Located south of Adelaide in the popular holiday destination of Port Elliot, PR House stands to weather the imposed climate and ready to embrace its young family of four. Replacing an existing shack dwelling, the site and the destination needed a more permanent and long-lasting solution, better anchored to its site. The home sits between two large vertical concrete walls that flank the building and offer shielding protection from the prevailing winds while also providing textural diversity that engages with the elements throughout the day. Core to the new home is a grounding in low maintenance materials and durability, where select materiality comes together to respond to the surrounding context and climatic conditions. Architects Ink has created a home that captures the many muses of its clients, boldly offering a place of protection and warmth.
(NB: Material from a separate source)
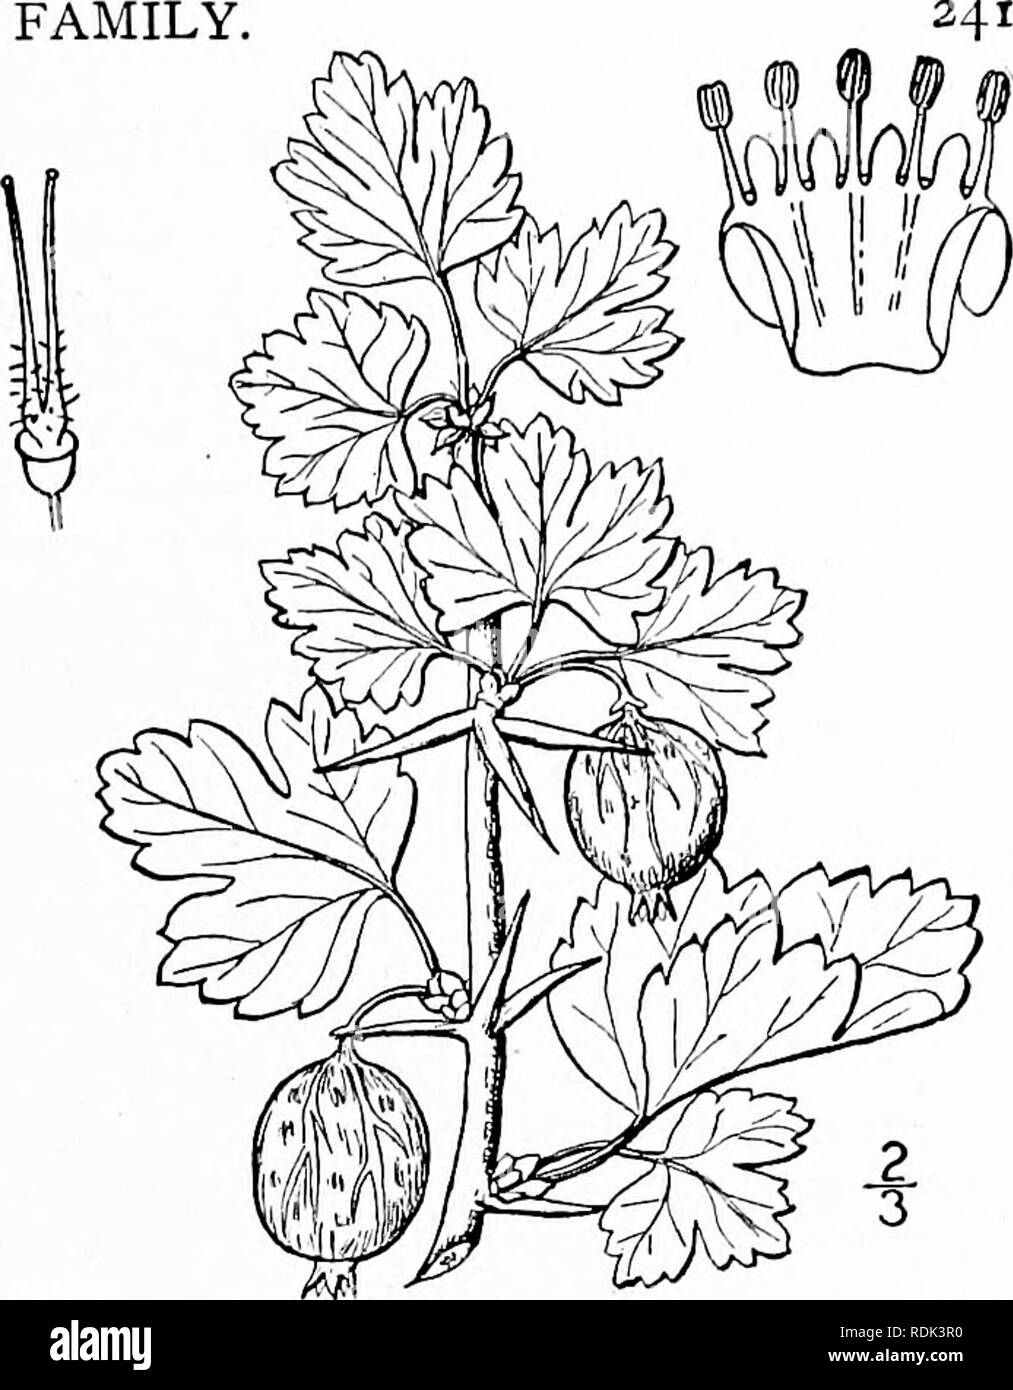 . An illustrated flora of the northern United States, Canada and the British possessions, from Newfoundland to the parallel of the southern boundary of Virginia, and from the Atlantic Ocean westward to the 102d meridian. Botany; Botany. Genus 2. GOOSEBERRY FAMILY. 5. Grossularia reclinata (L.) Mill. Garden Gooseberry. Fig. 2209. Ribes rccUnatiiin L. Sp. PI. 201, 1753. Ribes Uva-crispa L. Sp. PI. 201. 1753. Ribes Grossularia L. Sp. PI. 201. 1753. G. reclinata Mill. Gard. Diet. Ed. 8, No. 4. 1768. Nodal spines stout, spreading or reflexed, usually 3 together but sometimes solitary or 2. Prickles Stock Photo

The solution sits between two large vertical concrete walls that flank the home and offer shielding protection from the prevailing winds while also offering textural diversity that engages with the elements throughout the day.

Built by Krivic Built, together with engineering by PT Design, PR House is the composition of few elements, arranged to reflect the nature of its setting. Between its two bold flanking concrete walls, two floors are set back behind deep balconies to allow a sense of protection and mediation from the sun. The regularity of its comprising parts is deliberately simplified to allow the home’s square footprint to encase each of the brief’s requirements. The generous balcony spaces become extensions of the internal living zones, allowing an ease of transition across thresholds between inside and out, while the full-height glazing allows for uninterrupted views beyond. The operable elements of the façade also allow for natural ventilation and a deliberate reduced use of mechanical cooling and ventilation

Mimicking the spirit of the original home, the materiality selected speaks to the traditional beach shack in one way but also acts as a contemporary and more permanent reinterpretation in another. The cost-effective and innovative use of insitu textured concrete references the traditional timber build and frames the exterior volume, while a freeform sandstone feature wall centres the interior and incorporates the fireplace and adjoins the timber stair. This feature becomes the spine of the home and the internal experience, engaging with it through vertical movement and in a provider of warmth. Oak joinery and natural timber elements add variation and depth, both internally and externally. While the timber counterbalance the masonry features, the openness of the glass is contrasted to the warmth of the interiors, setting the tone for the owner’s vintage mid-century pieces to fill the interior.

While the timber elements counterbalance the masonry features, the openness of the glass is contrasted to the warmth of the interiors, setting the tone for the owner’s vintage mid-century pieces to fill the spaces.

PR House beautifully responds to its site and location through references to materiality, texture and appropriateness. Architects Ink has created a home of classical proportions intended to endure.

The cost-effective and innovative use of insitu textured concrete references the traditional timber build and frames the exterior volume, while a freeform sandstone feature wall centres the interior and houses the fireplace and adjoins the timber stair.

Mimicking the spirit of the original home, the materiality selected speaks to the traditional beach shack in one way, but also acts as a contemporary and more permanent reinterpretation.